Когда армия была сокращена в июне 1815 года, майор Уистлер был отправлен в отставку, а в 1818 году назначен военным интендантом в Джефферсон-Барракс, Сент-Луис. Он умер в Белфонтейне, Миссури, в 1827 году. «Он был храбрым офицером и стал родоначальником линии храбрых и эффективных солдат».

Посетителю из Чикаго художник однажды сказал:

«Чикаго, боже мой, какое замечательное место! Я действительно должен посетить его когда-нибудь — ведь, знаете ли, мой дед основал этот город, а мой дядя был последним командиром форта Дирборн».

Джордж Вашингтон Уистлер, отец художника, стал инженером с большой репутацией, дослужился до звания майора и в 1842 году принял приглашение царя Николая руководить строительством железной дороги Санкт-Петербург — Москва, и говорят, что, за исключением Джона Куинси Адамса, ни один американец в России не пользовался таким высоким уважением.

Майор Уистлер был описан как очень красивый мужчина; у него были довольно длинные вьющиеся волосы, обрамлявшие очень приятное лицо. «Его можно было принять за художника, а не за военного инженера. И все же он был во всех отношениях мужественным человеком, с очень привлекательным выражением лица и манерами».

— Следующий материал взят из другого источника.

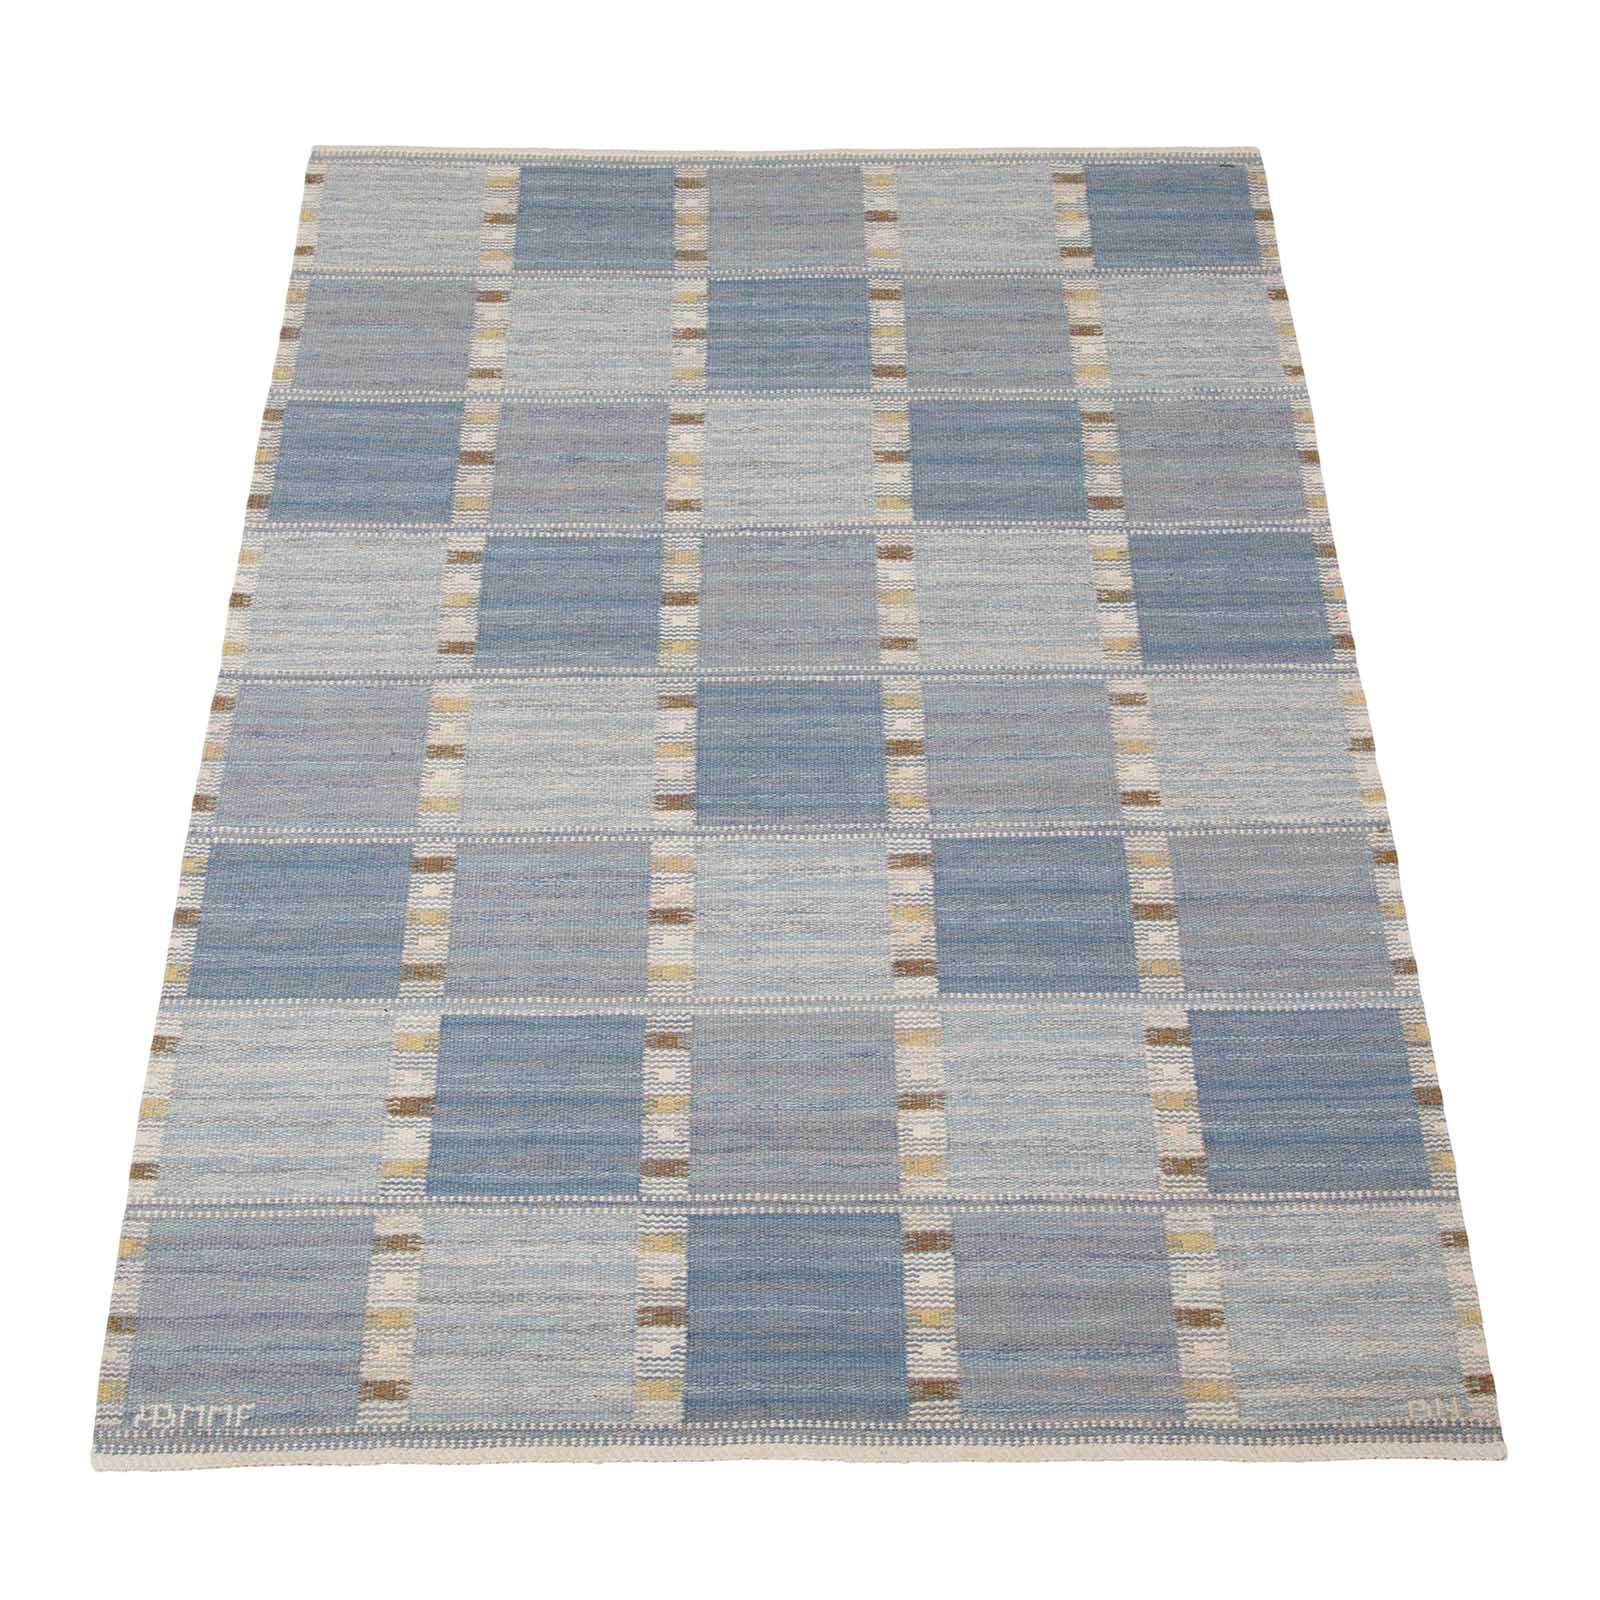 A rug, 'Falurutan, Duhs'

Мать Уистлера — вторая жена его отца — была Анна Матильда МакНил, дочь доктора К. Д. МакНила из Уилмингтона, Северная Каролина.

Вот и все о роде, из которого произошел Уистлер, линии способных людей и хороших воинов. Окольными путями он, должно быть, унаследовал некоторые черты того «причудливого джентльмена с редким чувством юмора», так часто упоминаемого болтливым Сэмюэлем Пеписом, который говорит в одном месте: «Доктор Уистлер рассказал милую историю... Их беседа была очень тонкой; и если меня уволят с должности, я нахожу большое удовлетворение в свободе, которую буду иметь, посещая компанию этих джентльменов».

Сообщается, что Уистлер однажды заявил, что родился в Санкт-Петербурге, и он, безусловно, казался получающим удовольствие от мистификации людей относительно даты и места своего рождения — часть его привычного безразличия к трезвым требованиям тех торжественных метафизических сущностей, Времени и Пространства.

Один друг настаивал в печати на Балтиморе как на месте его рождения, другой — на Стонингтоне, Коннектикут.

Его модель однажды спросила его:

«Где вы родились?»

«Я никогда не рождался, дитя мое; я пришел свыше».

Совершенно не смутившись, модель парировала:

«Ну, это показывает, как легко мы обманываем себя в этом мире, ибо я бы сказала, что вы пришли снизу».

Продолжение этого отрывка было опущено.